In this revelatory, authoritative portrait of Donald J. Trump and the toxic family that made him, Mary L. Trump, a trained clinical psychologist and Donald’s only niece, shines a bright light on the dark history of their family in order to explain how her uncle became the man who now threatens the world’s health, economic security, and social fabric.

Mary Trump spent much of her childhood in her grandparents’ large, imposing house in the heart of Queens, New York, where Donald and his four siblings grew up. She describes a nightmare of traumas, destructive relationships, and a tragic combination of neglect and abuse. She explains how specific events and general family patterns created the damaged man who currently occupies the Oval Office, including the strange and harmful relationship between Fred Trump and his two oldest sons, Fred Jr. and Donald.

A firsthand witness to countless holiday meals and interactions, Mary brings an incisive wit and unexpected humor to sometimes grim, often confounding family events.
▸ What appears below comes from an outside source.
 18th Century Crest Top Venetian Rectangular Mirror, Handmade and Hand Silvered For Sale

She recounts in unsparing detail everything from her uncle Donald’s place in the family spotlight and Ivana’s penchant for regifting to her grandmother’s frequent injuries and illnesses and the appalling way Donald, Fred Trump’s favorite son, dismissed and derided him when he began to succumb to Alzheimer’s.
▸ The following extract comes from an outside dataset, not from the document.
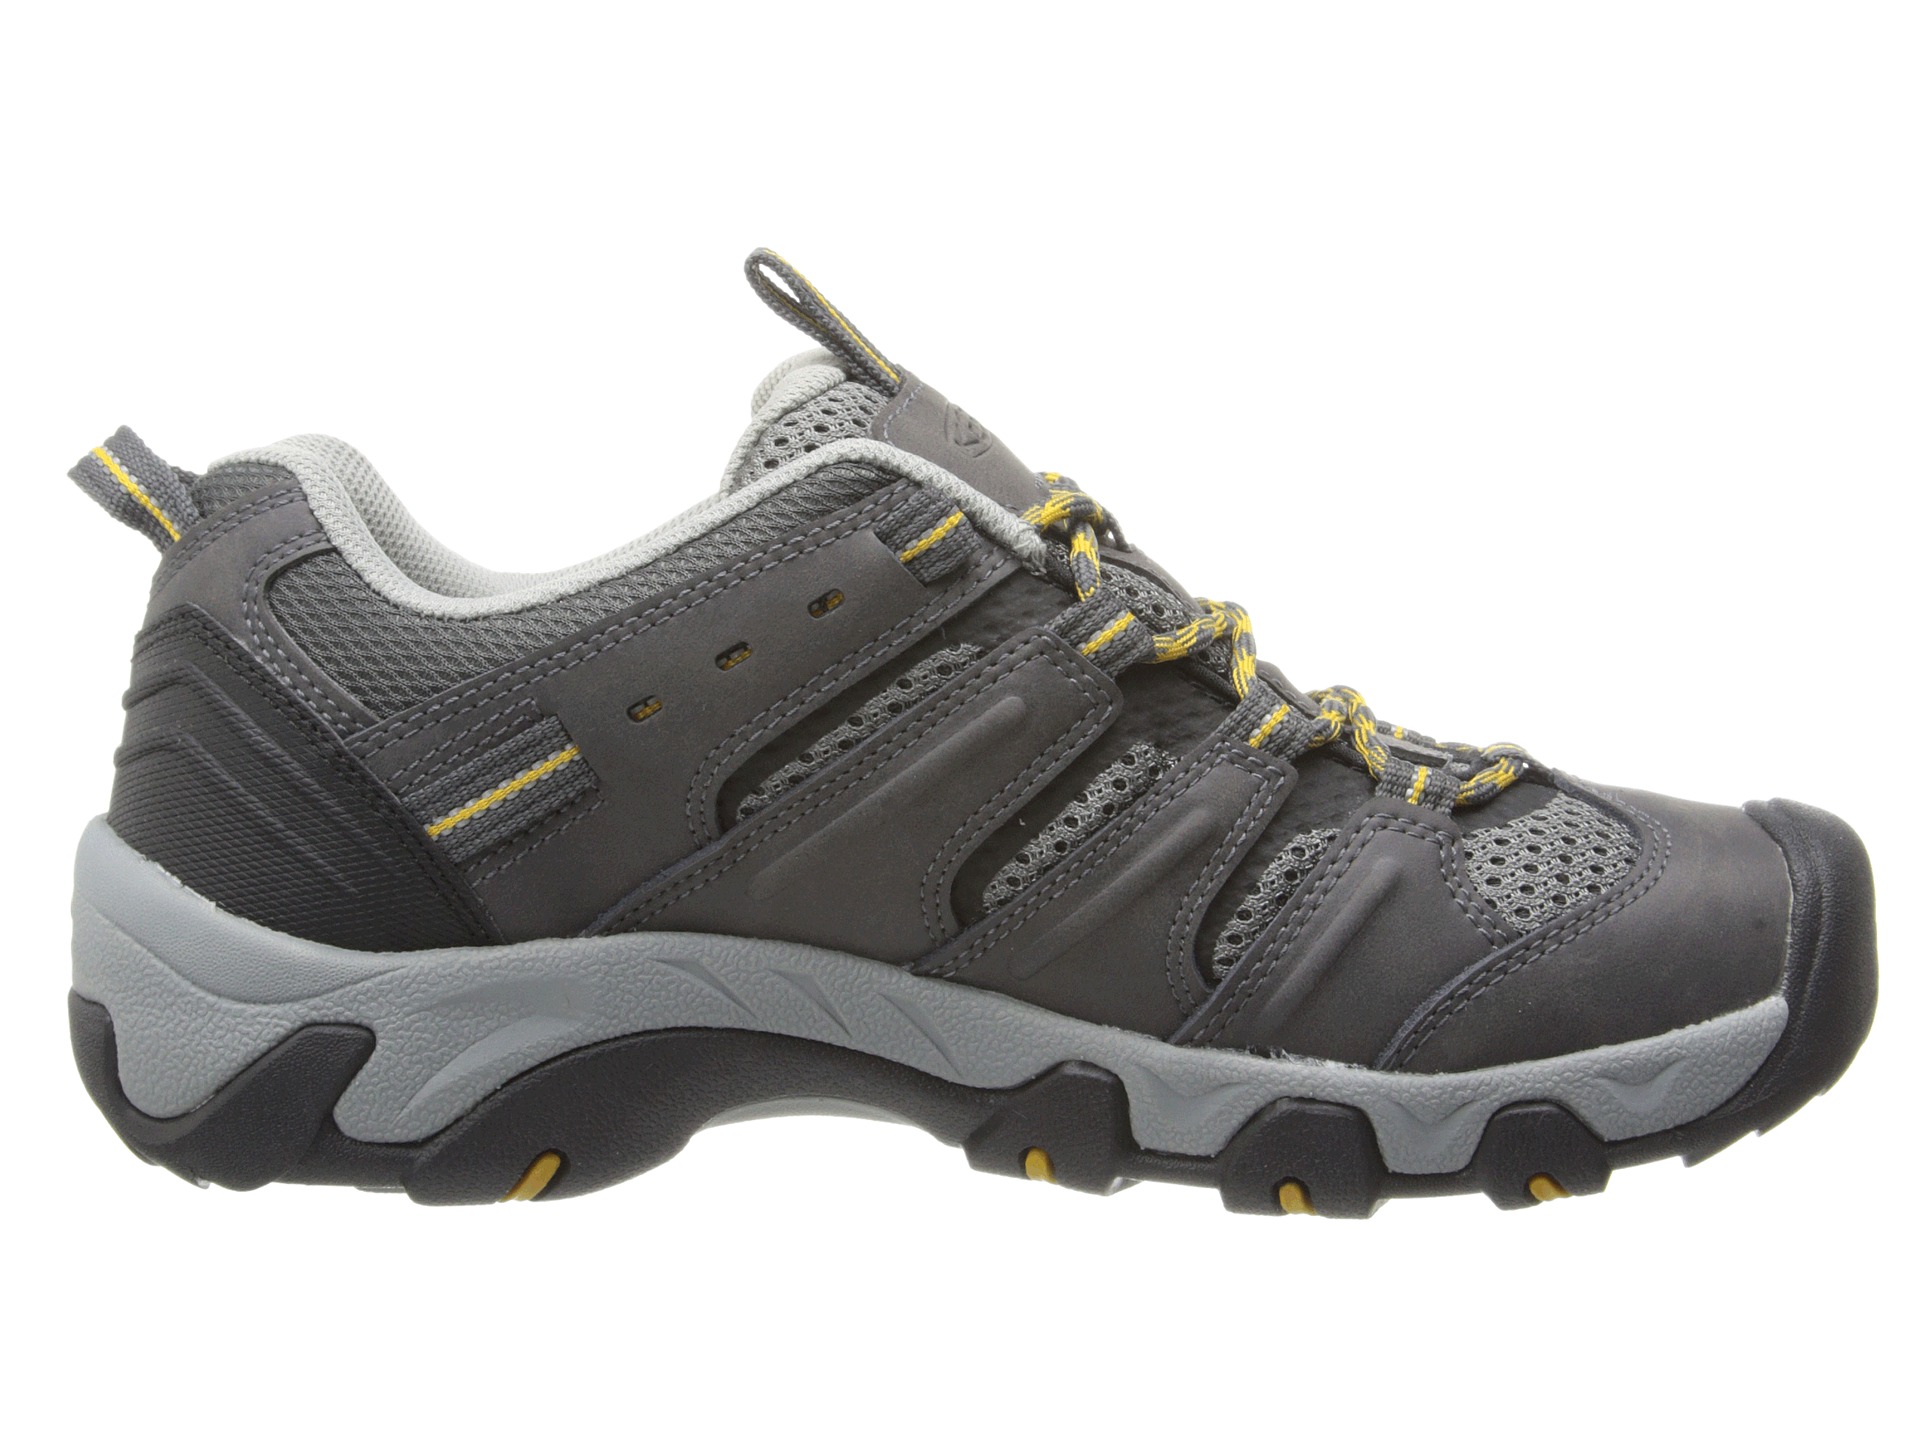 Keen Koven Magnet/Tawny Olive - Zappos.com Free Shipping BOTH Ways

Numerous pundits, armchair psychologists, and journalists have sought to parse Donald J. Trump’s lethal flaws. Mary L. Trump has the education, insight, and intimate familiarity needed to reveal what makes Donald, and the rest of her clan, tick. She alone can recount this fascinating, unnerving saga, not just because of her insider’s perspective but also because she is the only Trump willing to tell the truth about one of the world’s most powerful and dysfunctional families.


From the very first page of Too Much and Never Enough, the author spoke to us from her position inside the family, as well as by way of her clinical training.We learn how Donald Trump was taught by his father that lying is okay and admitting that you are wrong is a sign of weakness. We also see how his arrogance is a defense against abandonment (by his mother) and an antidote to his lack of self-esteem.Why do so many with access to him now, in his position, enable him? Their futures are directly dependent on his success and favor.The author talks about his response (or lack thereof) to Covid-19 and how it underscores his need to minimize negativity at all costs. Fear, the equivalent of weakness in his family, is as unacceptable to him now as it was when he was three years old.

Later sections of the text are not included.